# Question concerning long division of polynomials

This is probably elementary , but I cannot figure it out . My book says using long division, dividing $2x^2 +4x -3$ by $2x-1$ gives a quotient of $x+2$ and a remainder of $x-1$ .But when I do long division I get a quotient of $x+\frac52$ and a remainder of $-\frac12$ ...what is going on here??? How is the book answer obtained?

• Book is obviously wrong. degree of remainder will be less than divisor. Sep 27, 2017 at 6:00
• Write $2\left(2x^2+4x-3\right)=(2x-1)(2x+5)-1$ over the integers. It is then clear that $g c d\left(2x^2+4x-3,2x-1\right)=1$ Sep 27, 2017 at 6:28

Book version:

$$(2x-1)(x+2) + (x-1) = 2x^2+4x-3$$

Your version: $$(2x-1)(x+2.5)-0.5=2x^2+4x-3$$

If we adopt the convention that the remainder must have a smaller degree, then your answer is correct unless there are restriction such as the coefficient of the polynomial has to be integered value.

Edit:

$$2x^2+4x-3=(2x-1)(x+B)+(Cx+D)$$

Let's determine $B, C,D \in \mathbb{Z}$.

$$2x^2+4x-3=2x^2+(2B-1)x-B+(Cx+D)$$

We can see that $2B-1$ must be an odd number. let's pick $2B-1$ to be $3$, hence $B=2$.

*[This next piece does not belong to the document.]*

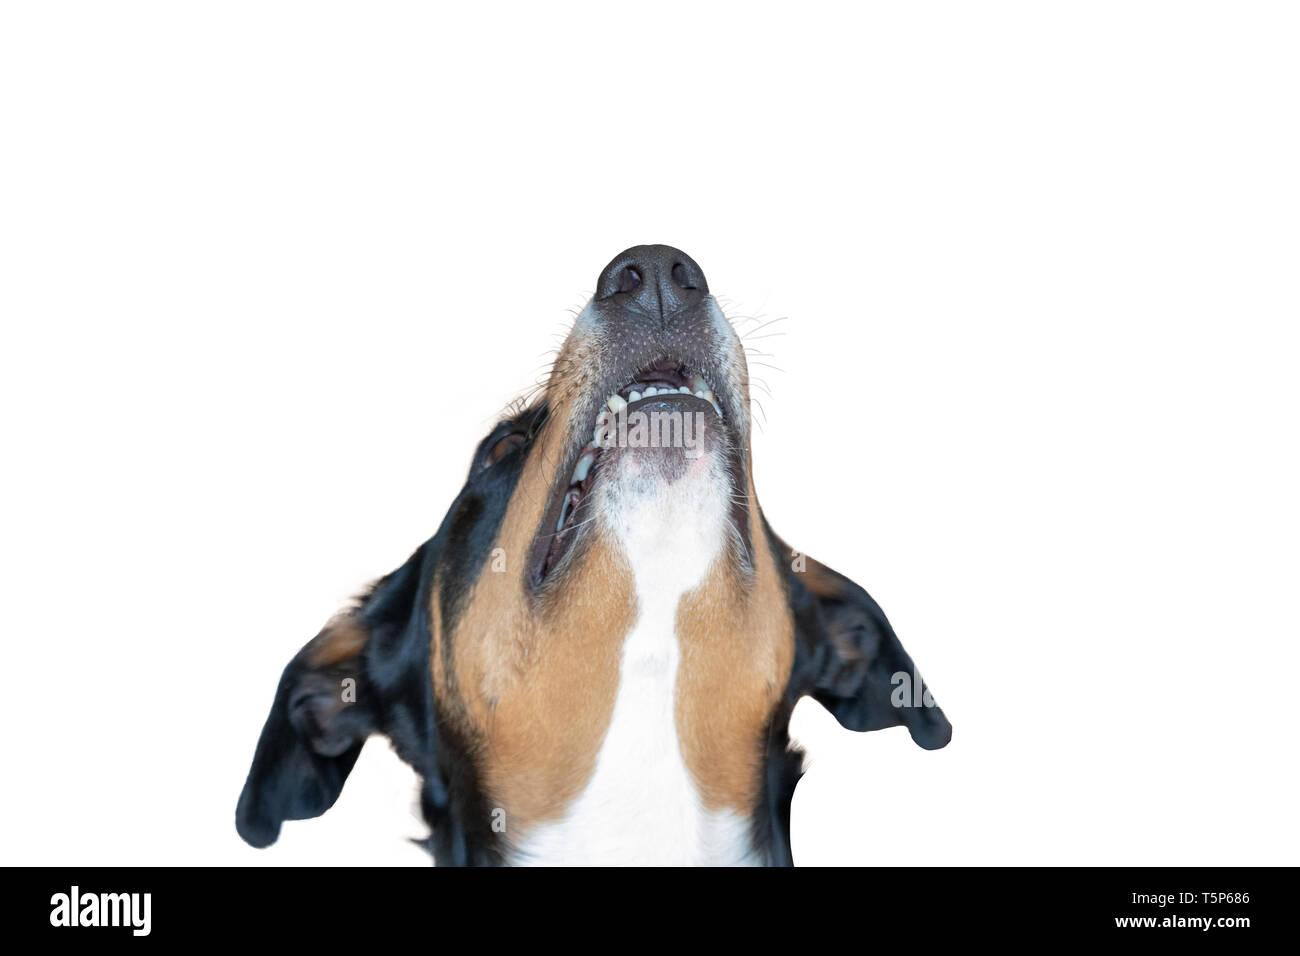 L'Appenzeller Mountain Dog looking up against a white background Banque D'Images

$$2x^2+4x-3=2x^2+3x-2+(Cx+D)$$

Hence $C=1$ and $D=-1$.

• Yes ,thanks i can see both answers are correct , but how this they get their answer using long division? Sep 27, 2017 at 6:10
• Another thing I want to add is that this computation comes up in finding gcd of polynomials so we cannot have fractions..... Sep 27, 2017 at 6:14

If you restrain the division to $\mathbb Z[X]$ (i.e. with only integer coefficients) you will get the book version.

$\begin{array}{r|r} 2x^2+4x-3 & 2x-1\\\hline -(2x^2-x) & x+2\\ 5x-3\\ -(4x-2)\\ x-1\end{array}$

So first there is $x$ times $2x-1$, you substract $2x^2-x$ to get $5x-3$.

Now in $5x-3$ it goes only $2$ times $2x-1$ if we don't want fractions, and $3$ is too large to keep the leading coefficient positive.

While if you allow dividing in $\mathbb R[X]$ then you get your version with a $\frac 52$ and a remainder with degree strictly inferior to the divisor.

Although when fractions appear in the division of $P$ by $Q$ in $\mathbb Z[x]$ there is another convention which is to say that $\lambda P=QD+R$ with $\deg R<\deg Q$.

In this case we have $2(5x-3)=5(2x-1)-1$ instead of $(5x-3)=2(2x-1)+(x-1)$

And we get the integer division $2(2x^2+4x-3)=(2x-1)(2x+5)-1$